In a special case, the integral is $$I=\int_{r_1}^{r_2}\frac{dr}{r\sqrt{\Phi^2(r,r_1)-1}}$$ where $$\Phi(u,v)=\frac{u\exp{(-u)}}{v\exp{(-v)}}$$

The interval follows $\Phi(r_1,r_2)=1$, $r_1<r_2$.

I have found a solution to a special case (by applying perturbation method to the original ODE), which is $$\lim_{r_1\rightarrow r_2} I =\pi$$ When $r_1 \rightarrow r_2$, we have $r_1, r_2 \rightarrow r_0$, where $r_0$ is the peak position of $g(r)=r\exp{(-r)}$.

The numerical verification is shown below: The interval of integral

$\uparrow$ The interval of the integral and the integrand

integral as a function of r2

$\uparrow$ The integral as a function of $r_2$

My problem is to derive a closed form for $I(r_1)$, or even just a Taylor expansion about $r_0$. I appreciate any hint.

Thanks!


If you are interested, here is the general form of the integral: $$I=\int_{r_1}^{r_2}\frac{dr}{r\sqrt{\Phi^2(r,r_1)-1}}$$ where $$\Phi(u,v)=\frac{u\exp{(k(u))}}{v\exp{(k(v))}}$$ and $k$ is a decreasing function. The interval follows $\Phi(r_1,r_2)=1$, $r_1<r_2$.
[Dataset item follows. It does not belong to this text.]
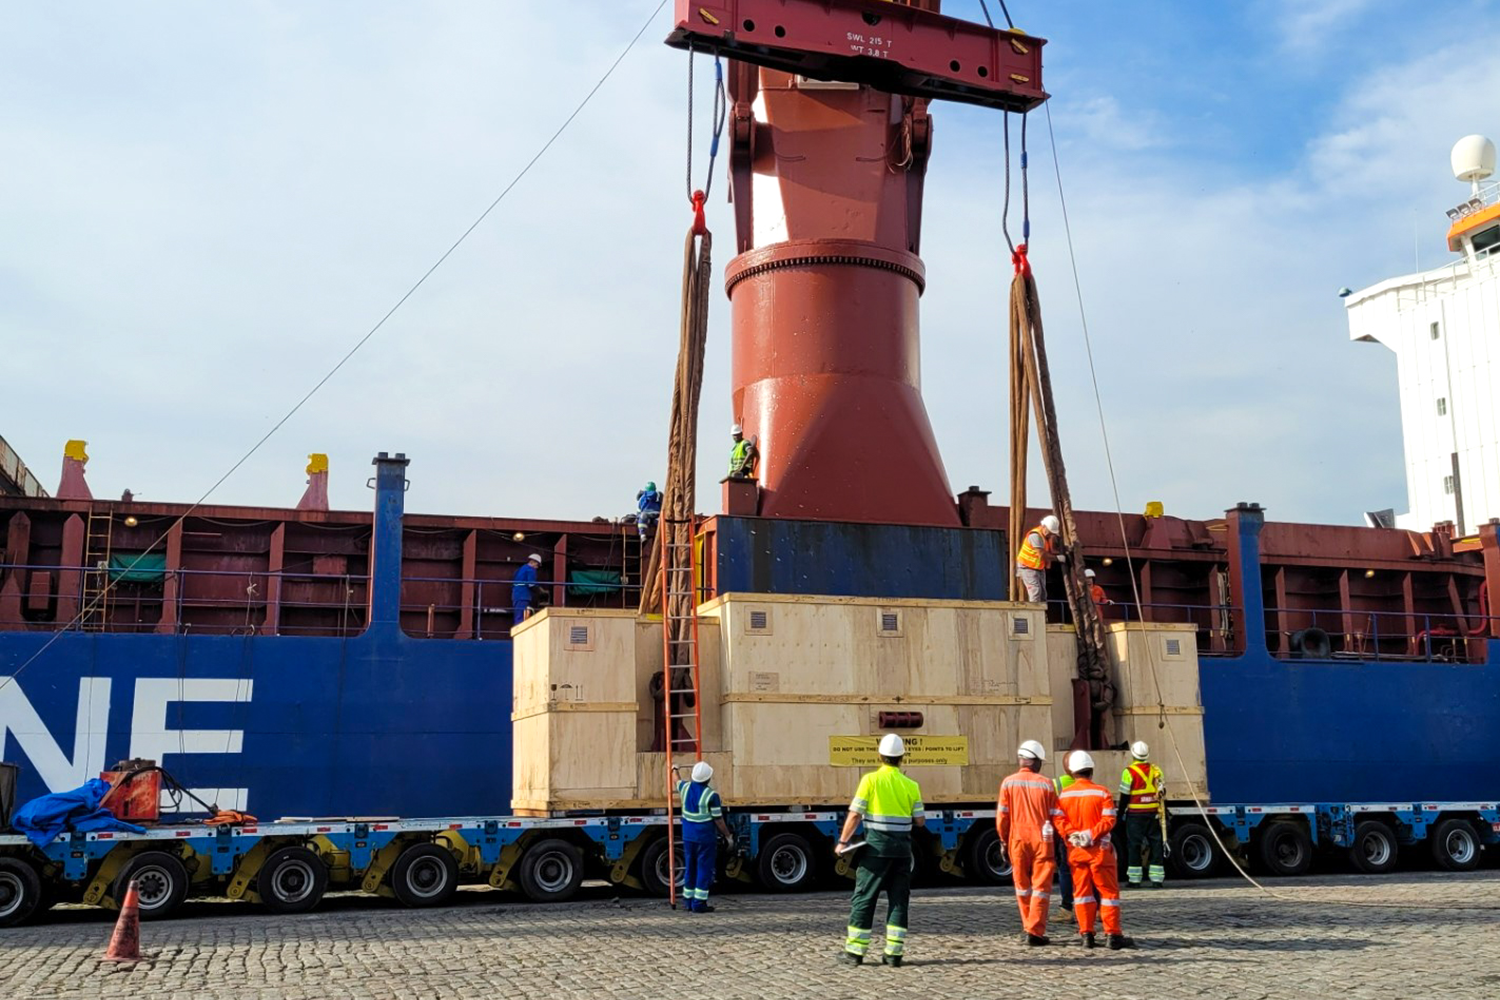 Trabajadores portuarios en torno a un cargamento gigante sujetado por una grúa
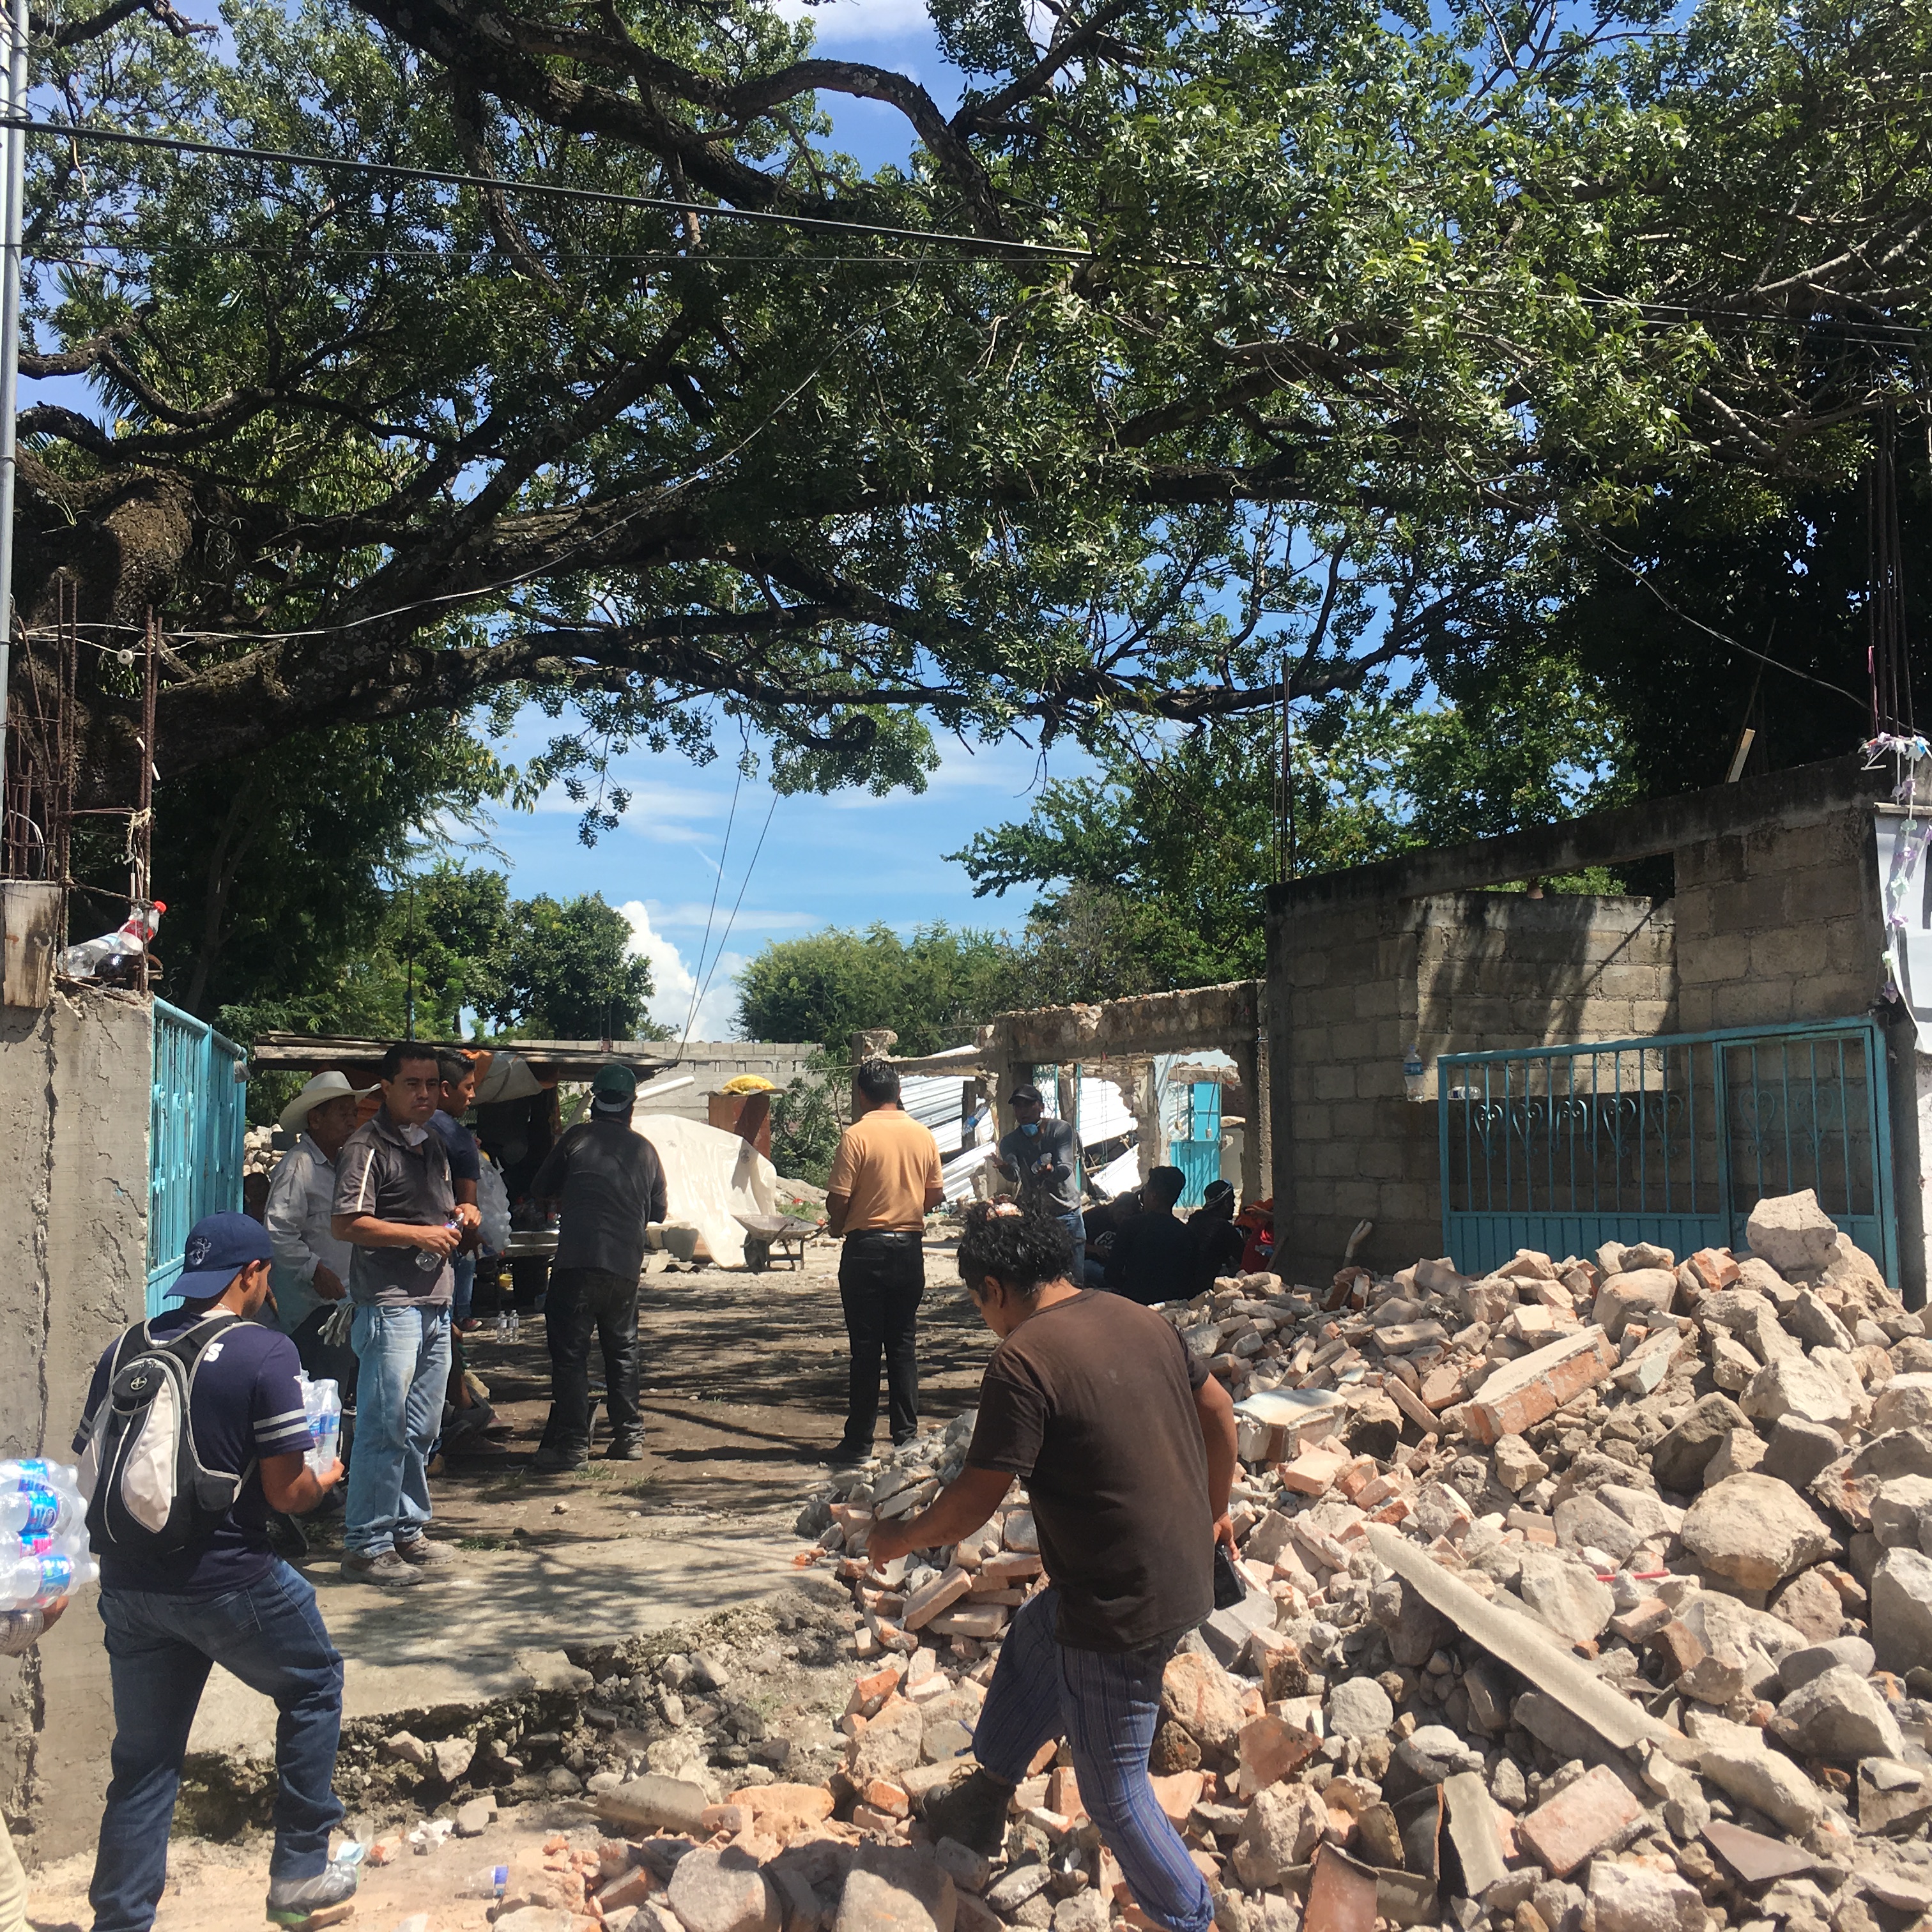 El 19 de septiembre, un sismo de magnitud 7,1 remeció de nueva cuenta la Ciudad de México –más común y entrañablemente conocida como el DeFectuoso, por las siglas de Distrito Federal.

By solving the original ODE using perturbation method, the solution to a special case is $$\lim_{r_1\rightarrow r_2} I =\frac{\pi}{\sqrt{1+r_0 k''(r_0)/k'(r_0)}}$$

When $k(r)=-r$, it reduces to $\pi$.

In fact, $\lim_{r_1 \rightarrow r_2} I (k(r)=-C\cdot r^n) = \pi/\sqrt{n}$.


Thanks to Fabian, the second derivative at $r=1$ matches $I=\pi-\frac{\pi}{12}\epsilon^2+O(\epsilon^3)$: secondOrder

$\uparrow$ The above is the numerical second order derivative of figure 2.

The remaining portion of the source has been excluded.